Your reply should contain nothing except the lines from the one with "The Ultimate Queen" through the end of the listing below, reproduced exactly and stripped of pictures.

§ §

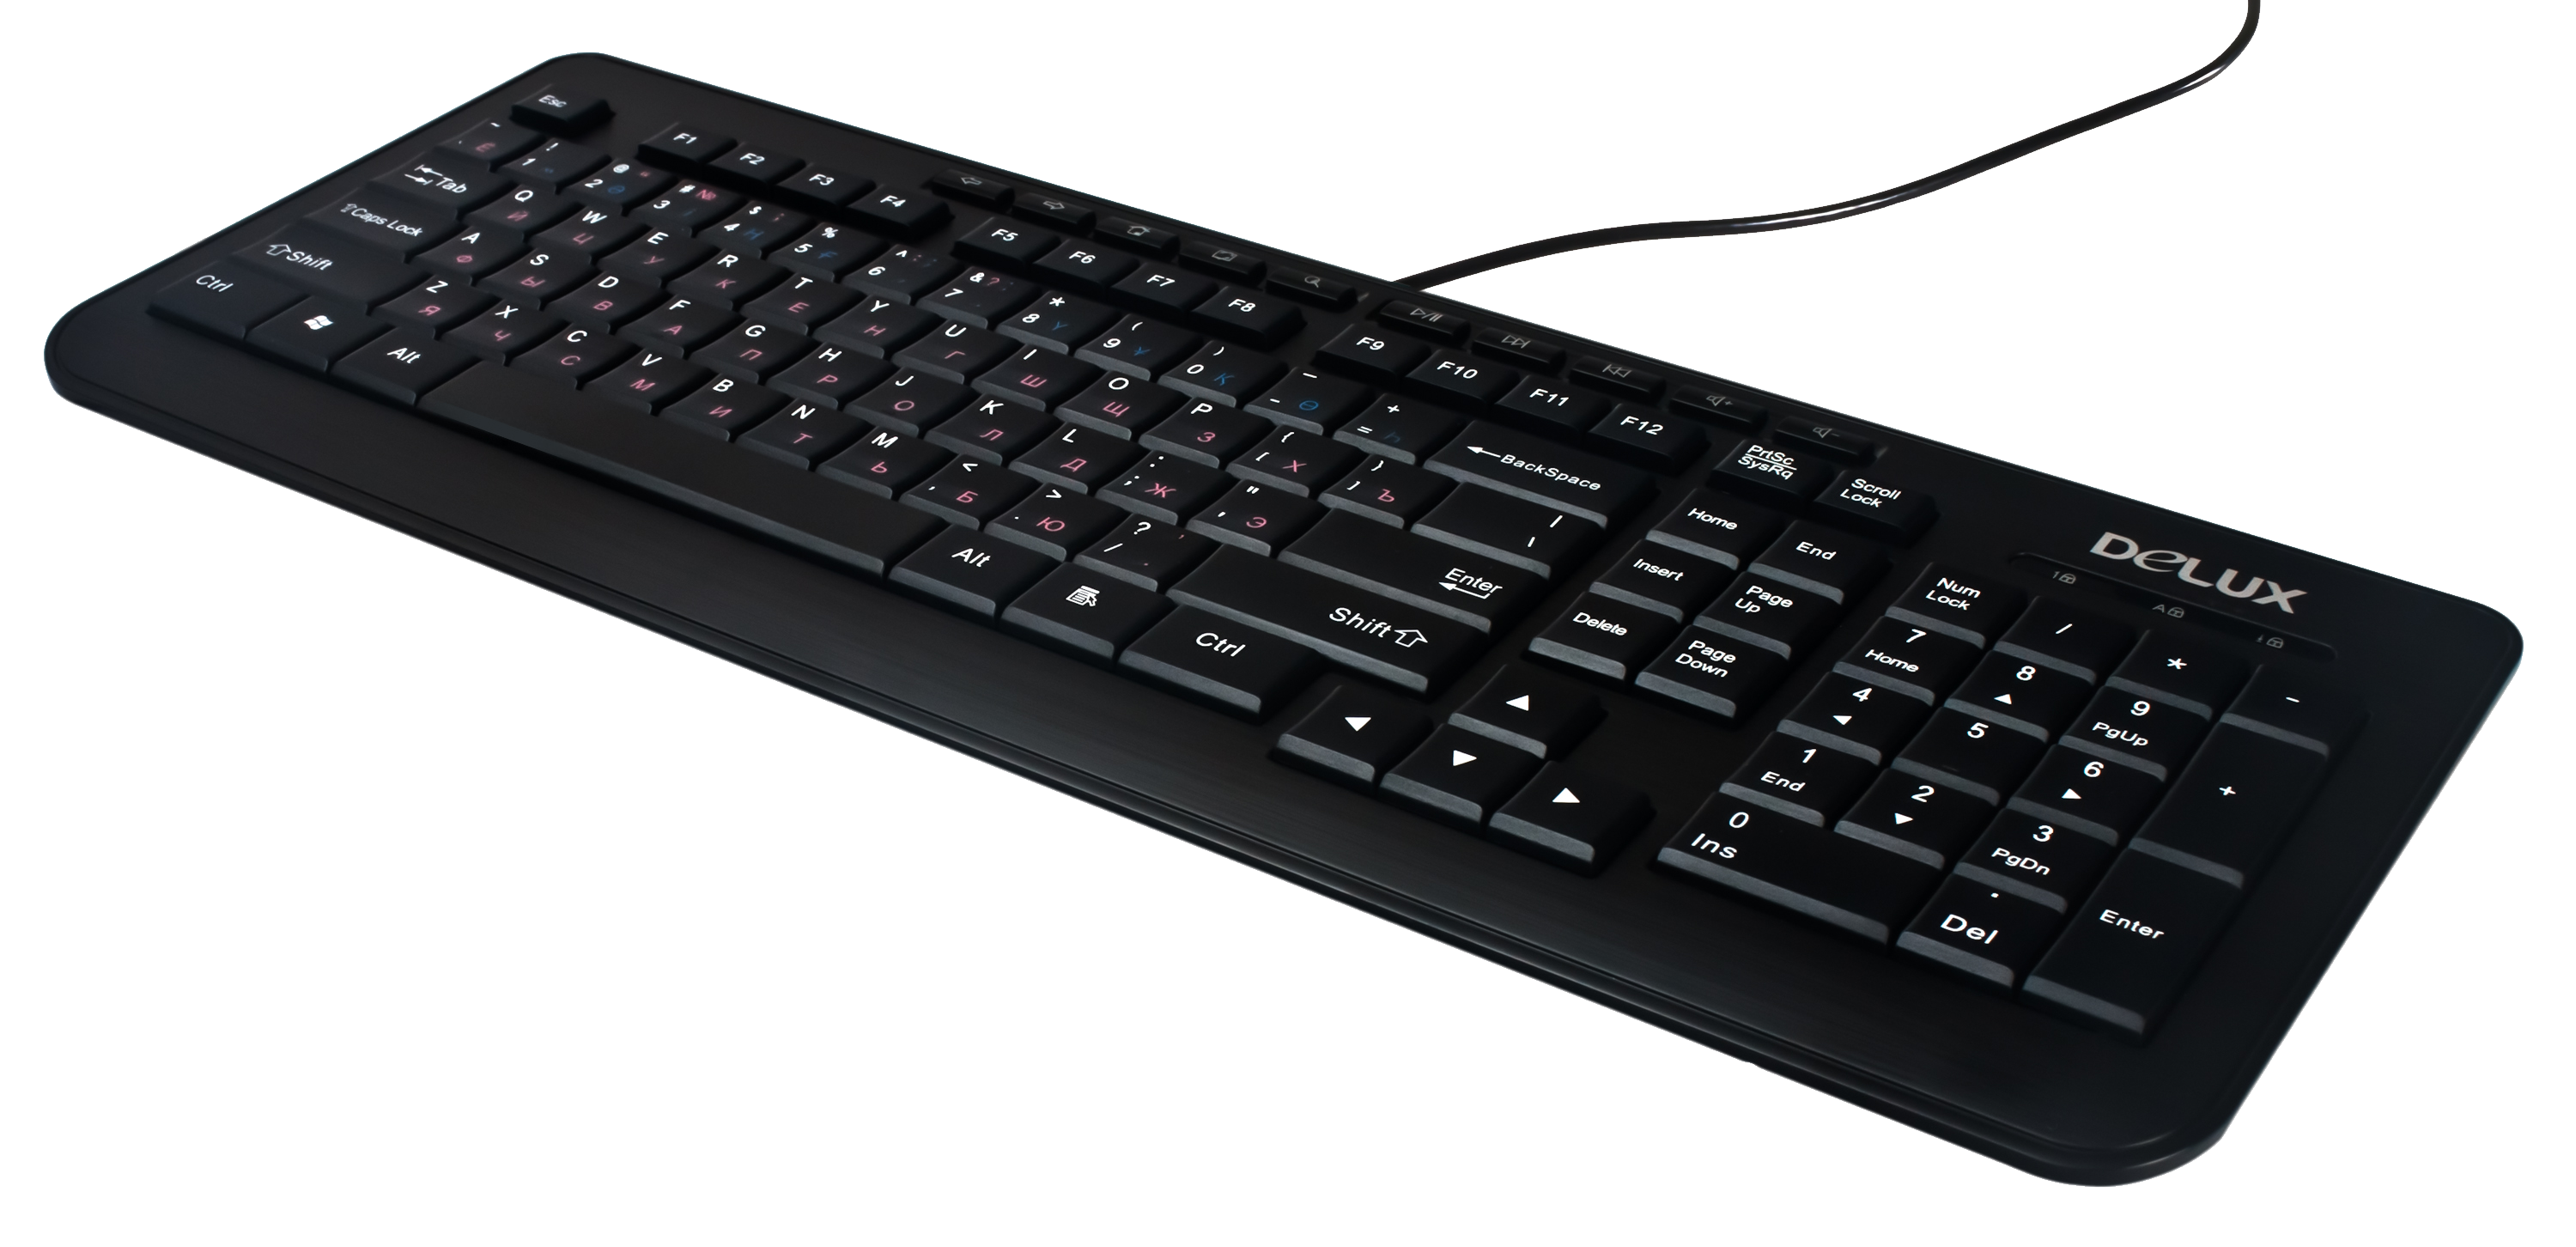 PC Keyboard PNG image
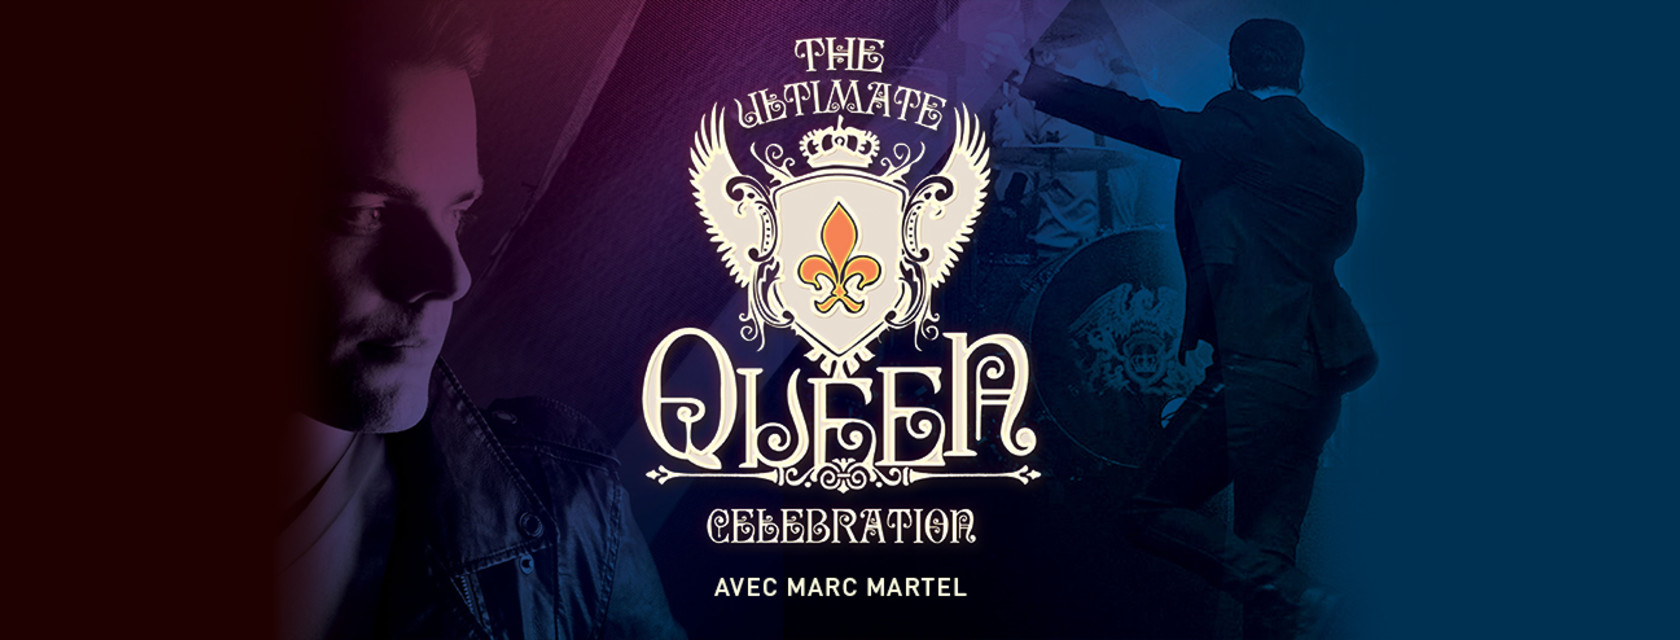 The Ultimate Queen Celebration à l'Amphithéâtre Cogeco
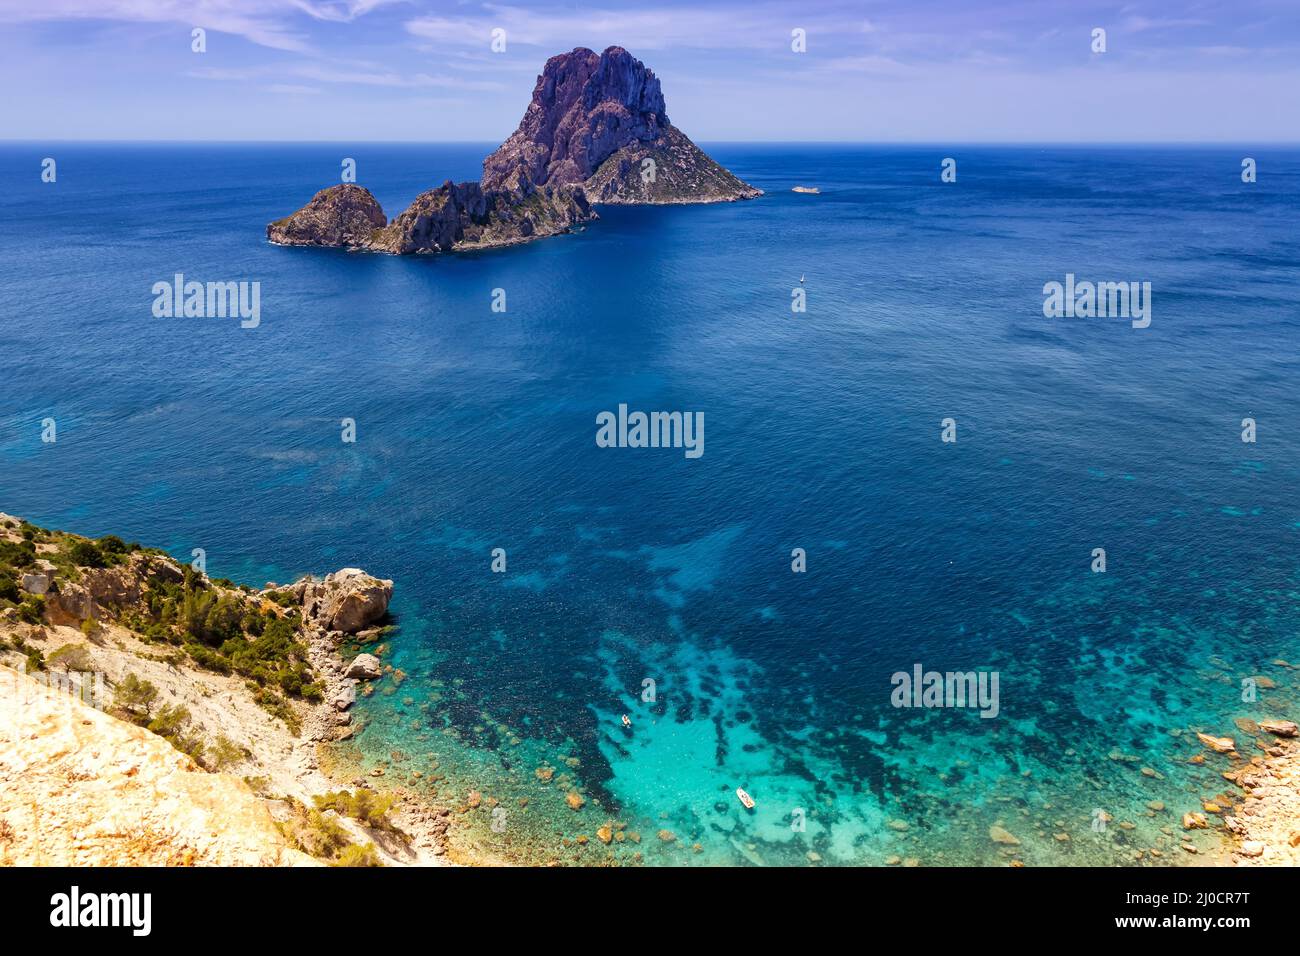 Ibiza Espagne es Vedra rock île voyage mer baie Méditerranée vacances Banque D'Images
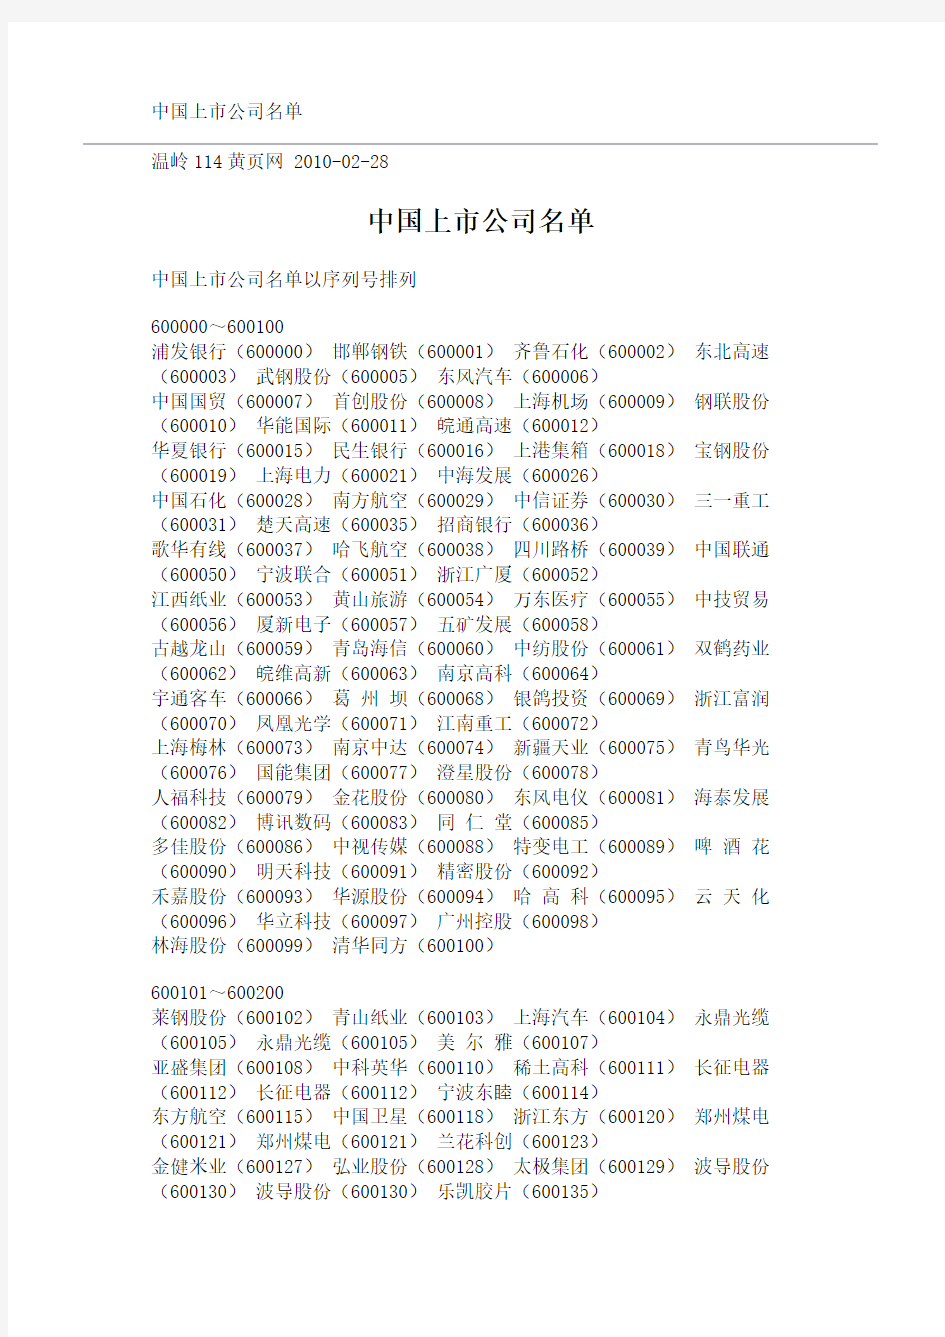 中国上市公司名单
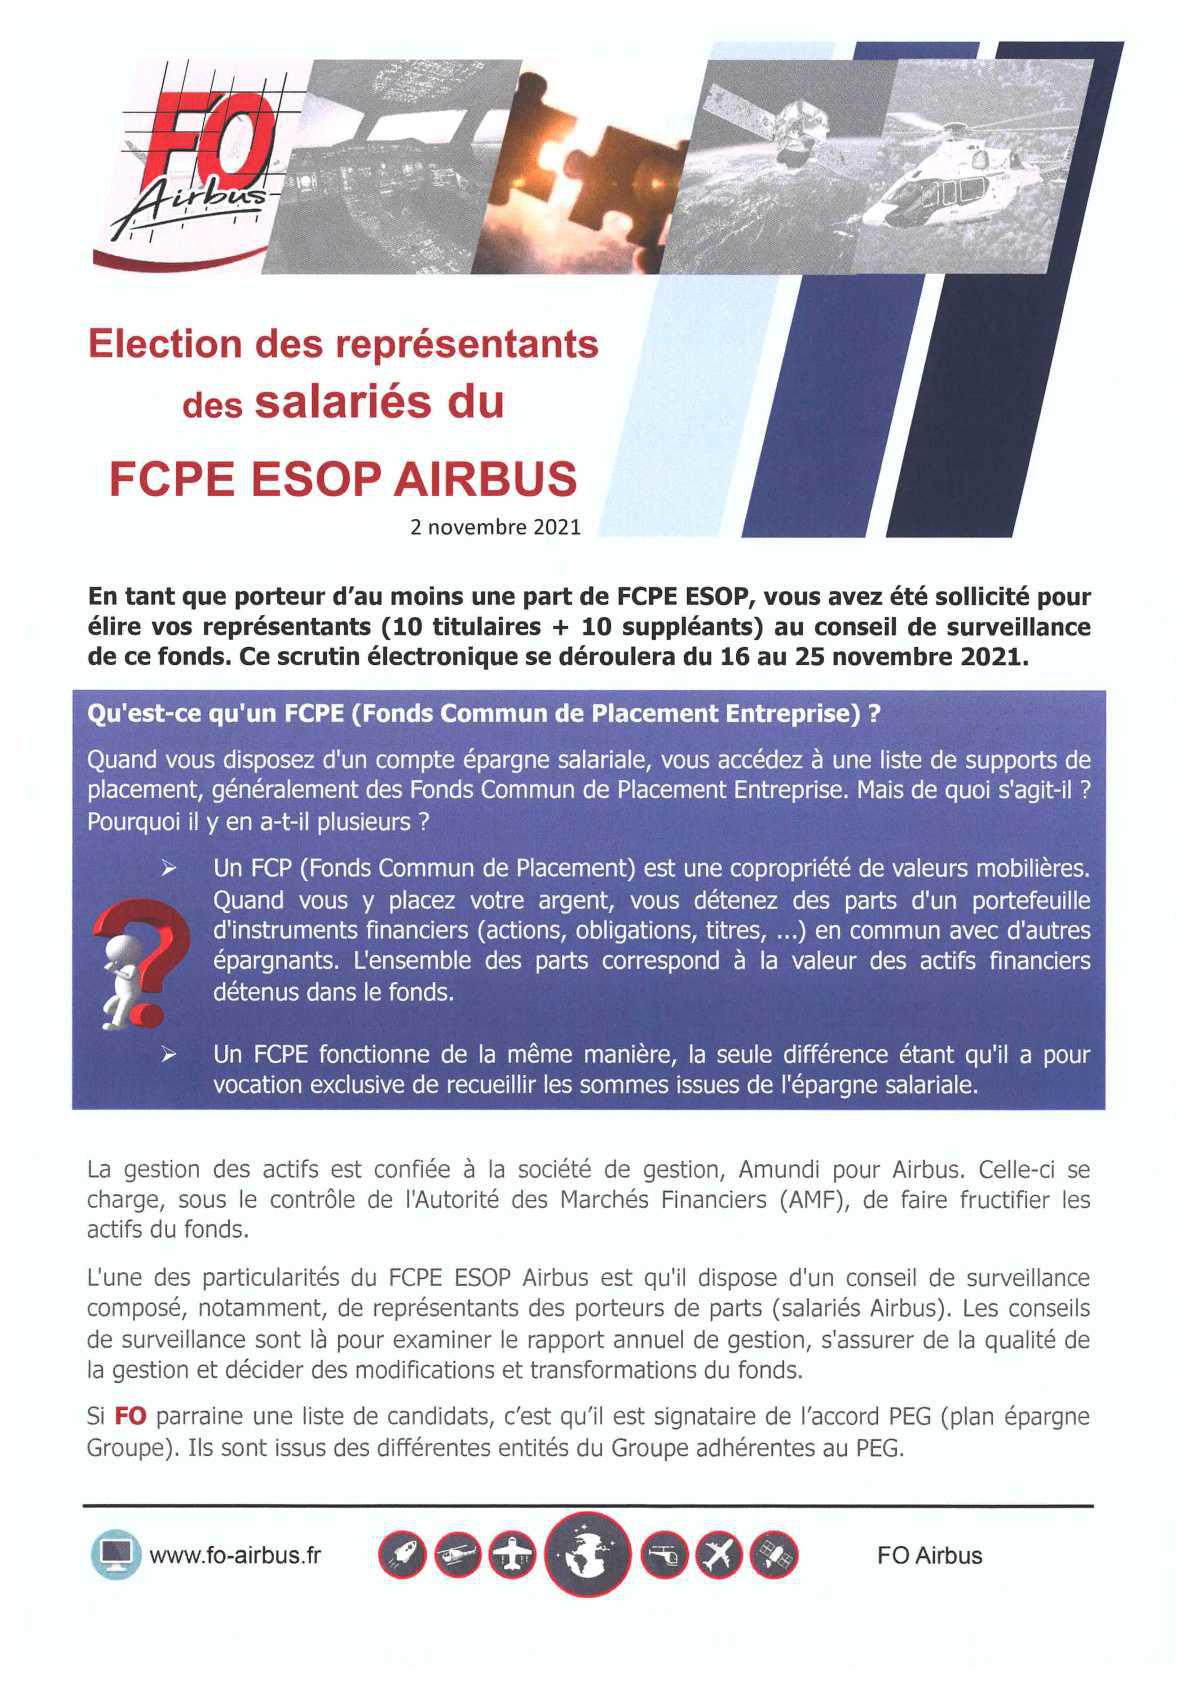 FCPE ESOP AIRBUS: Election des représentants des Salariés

§ §

• _Your response_
 The Ultimate Queen Celebration à l'Amphithéâtre Cogeco
 Ibiza Espagne es Vedra rock île voyage mer baie Méditerranée vacances Banque D'Images
 中国上市公司名单
 FCPE ESOP AIRBUS: Election des représentants des Salariés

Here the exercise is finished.